──────── Recorded data ────────

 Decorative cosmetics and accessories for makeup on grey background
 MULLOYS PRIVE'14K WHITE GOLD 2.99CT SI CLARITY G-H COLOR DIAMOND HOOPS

────────
──────── Recorded data ────────

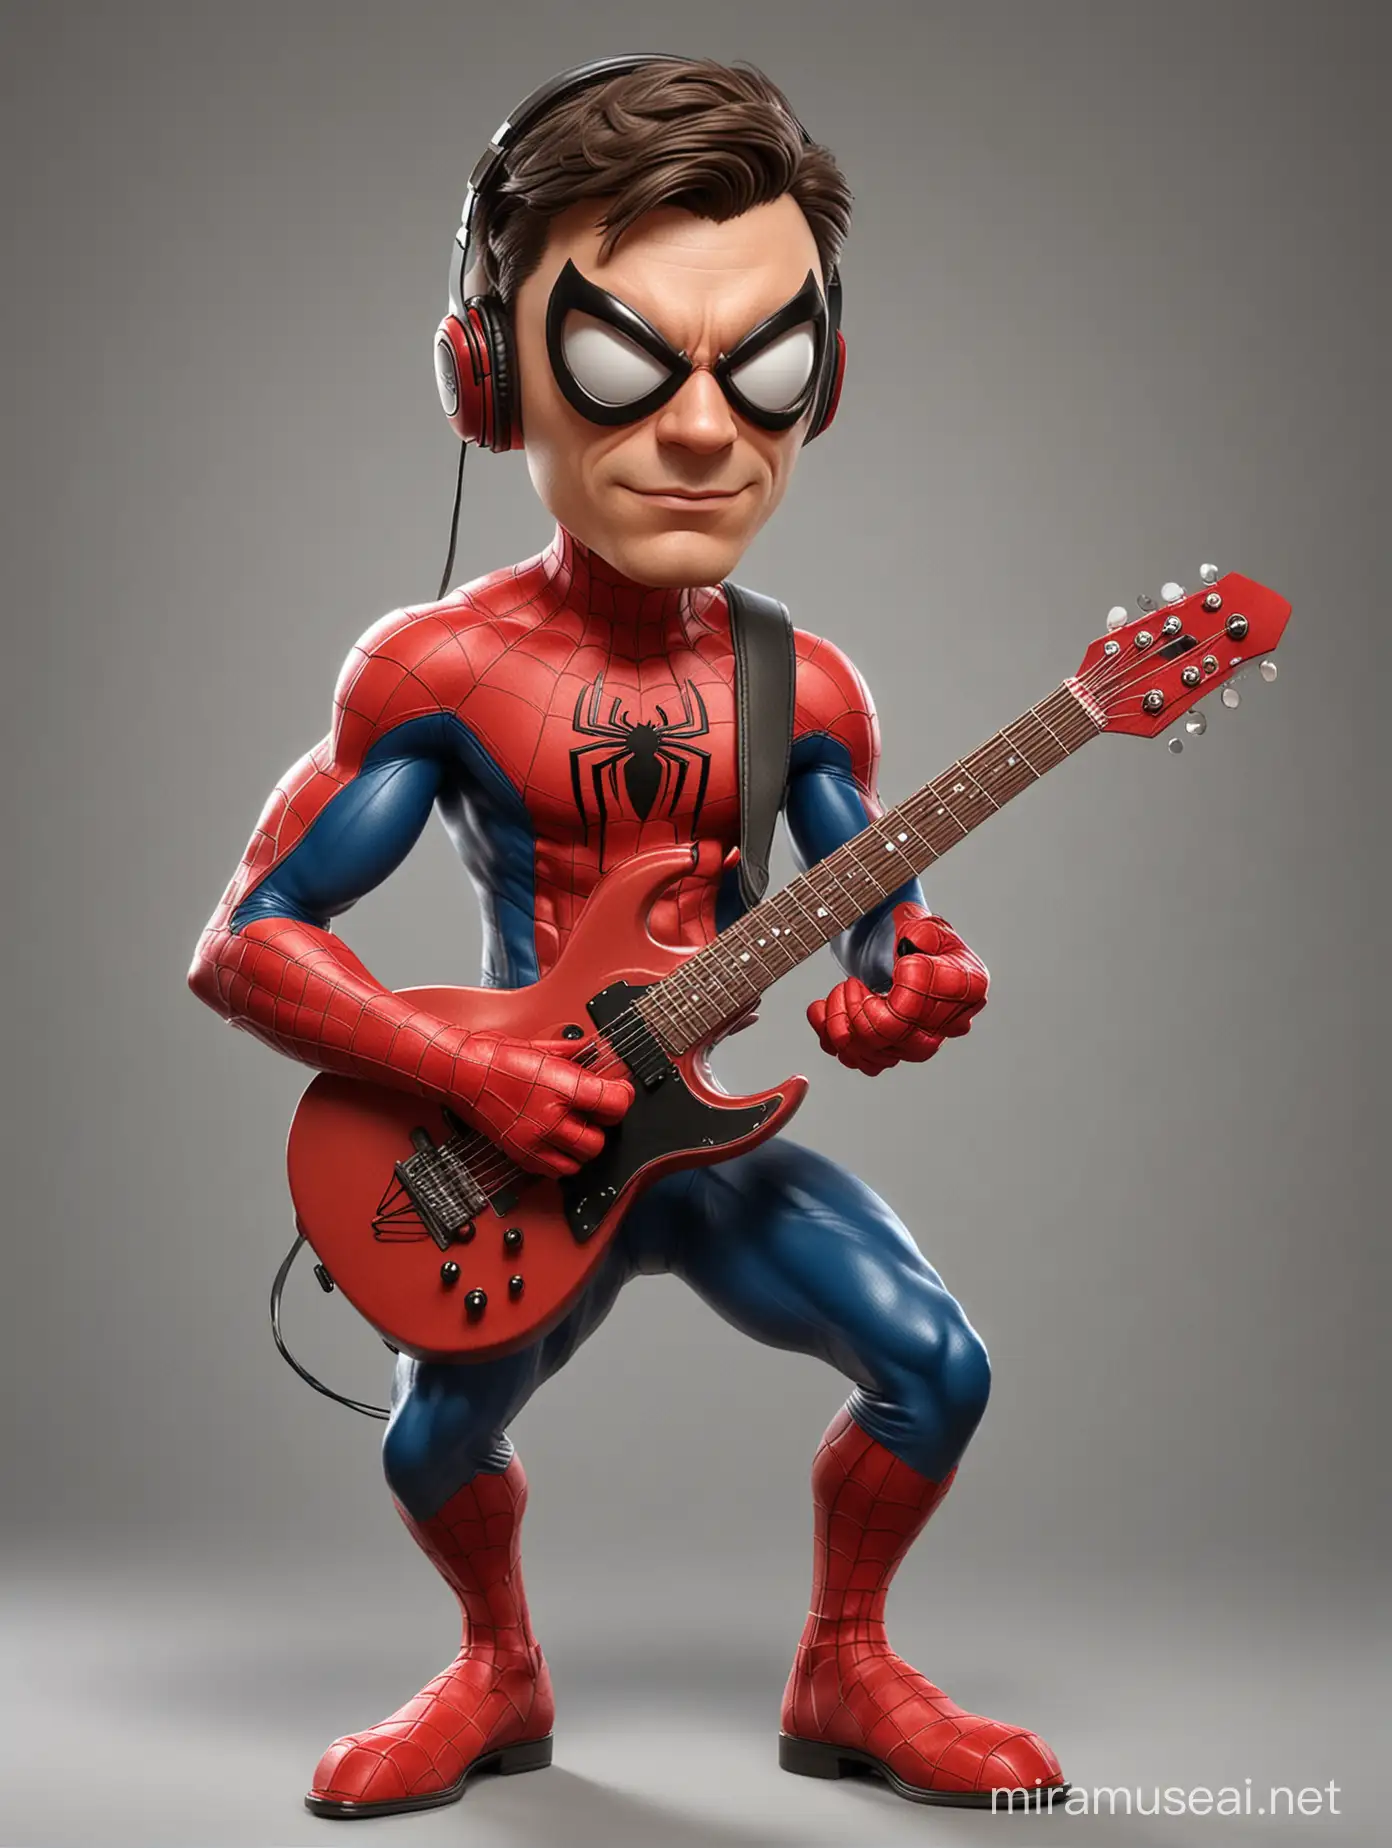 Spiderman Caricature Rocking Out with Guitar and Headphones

────────
──────── Recorded data ────────

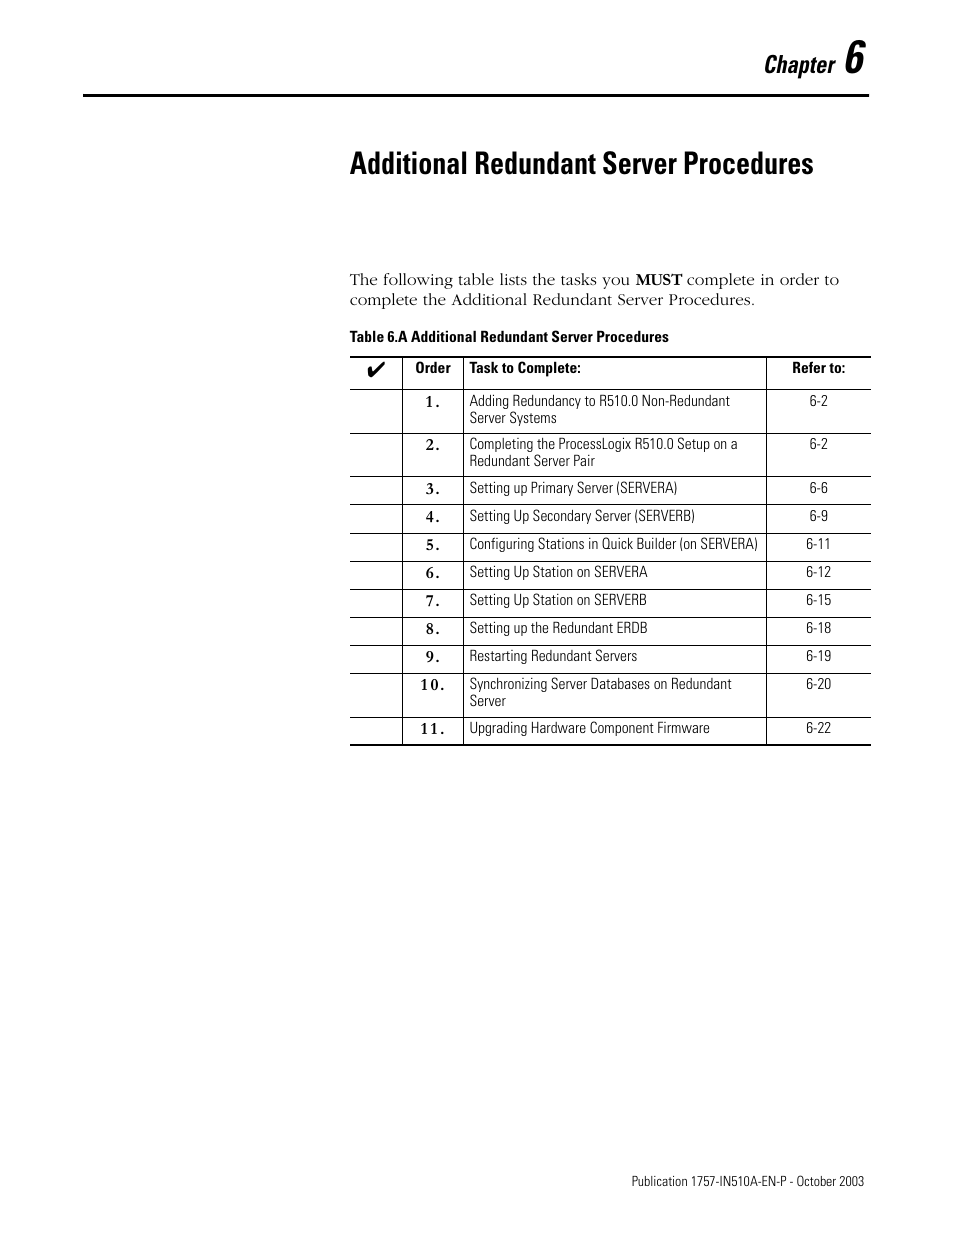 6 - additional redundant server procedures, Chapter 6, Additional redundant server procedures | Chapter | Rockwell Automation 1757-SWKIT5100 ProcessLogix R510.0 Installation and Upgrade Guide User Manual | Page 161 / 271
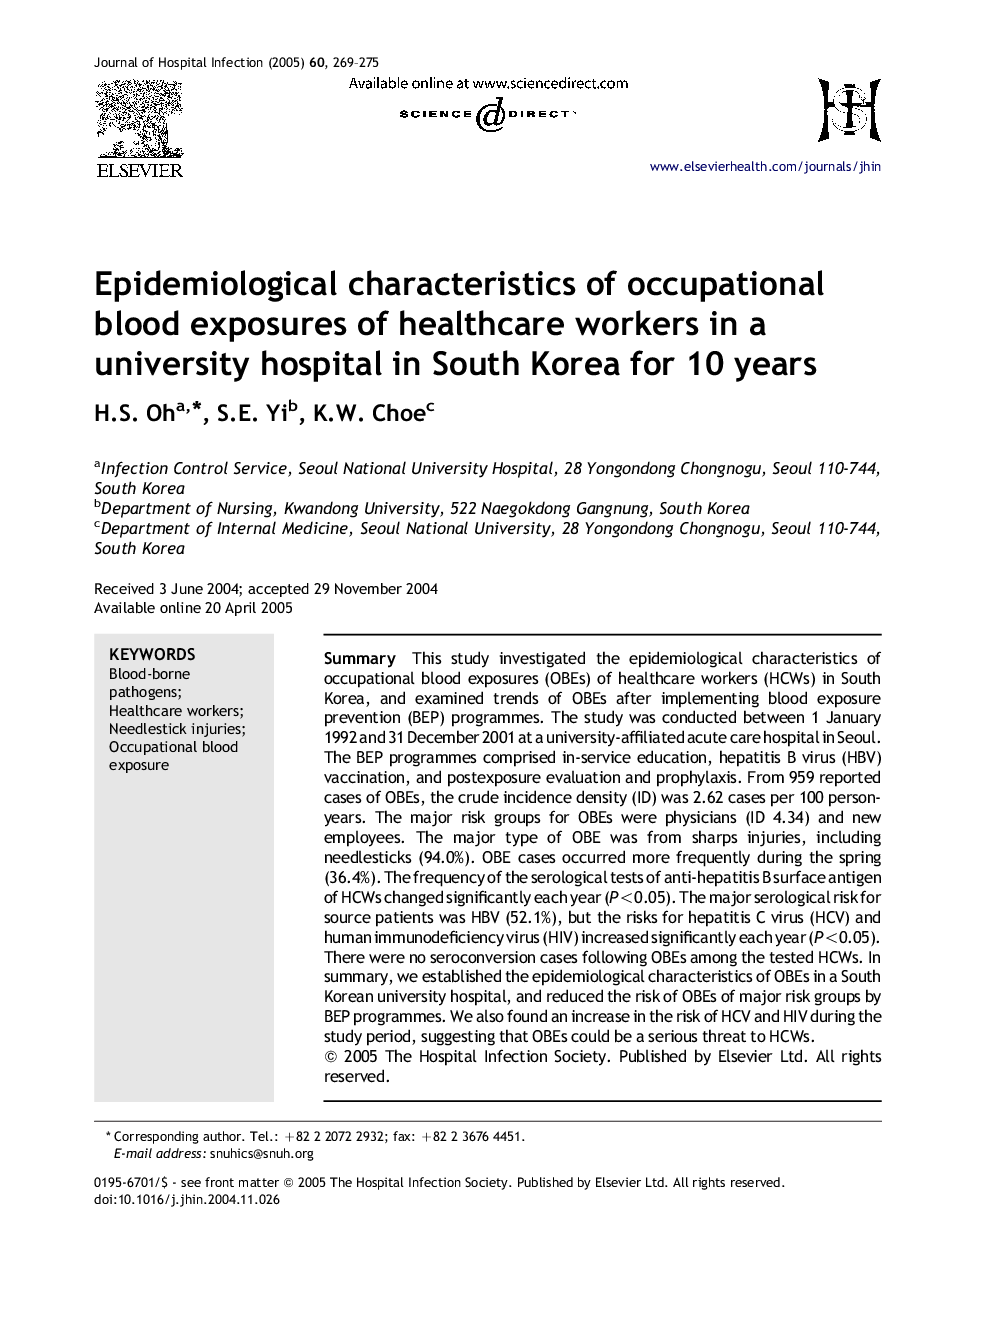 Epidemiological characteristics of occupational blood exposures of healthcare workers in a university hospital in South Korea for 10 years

────────

§ **Directions for this task**: Range to copy from the listing above: the line containing "6 - additional" down to the line containing "Epidemiological characteristics of", both included. Reproduce it exactly, minus the pictures, and add nothing.

§ **Solution for this task**:
 6 - additional redundant server procedures, Chapter 6, Additional redundant server procedures | Chapter | Rockwell Automation 1757-SWKIT5100 ProcessLogix R510.0 Installation and Upgrade Guide User Manual | Page 161 / 271
 Epidemiological characteristics of occupational blood exposures of healthcare workers in a university hospital in South Korea for 10 years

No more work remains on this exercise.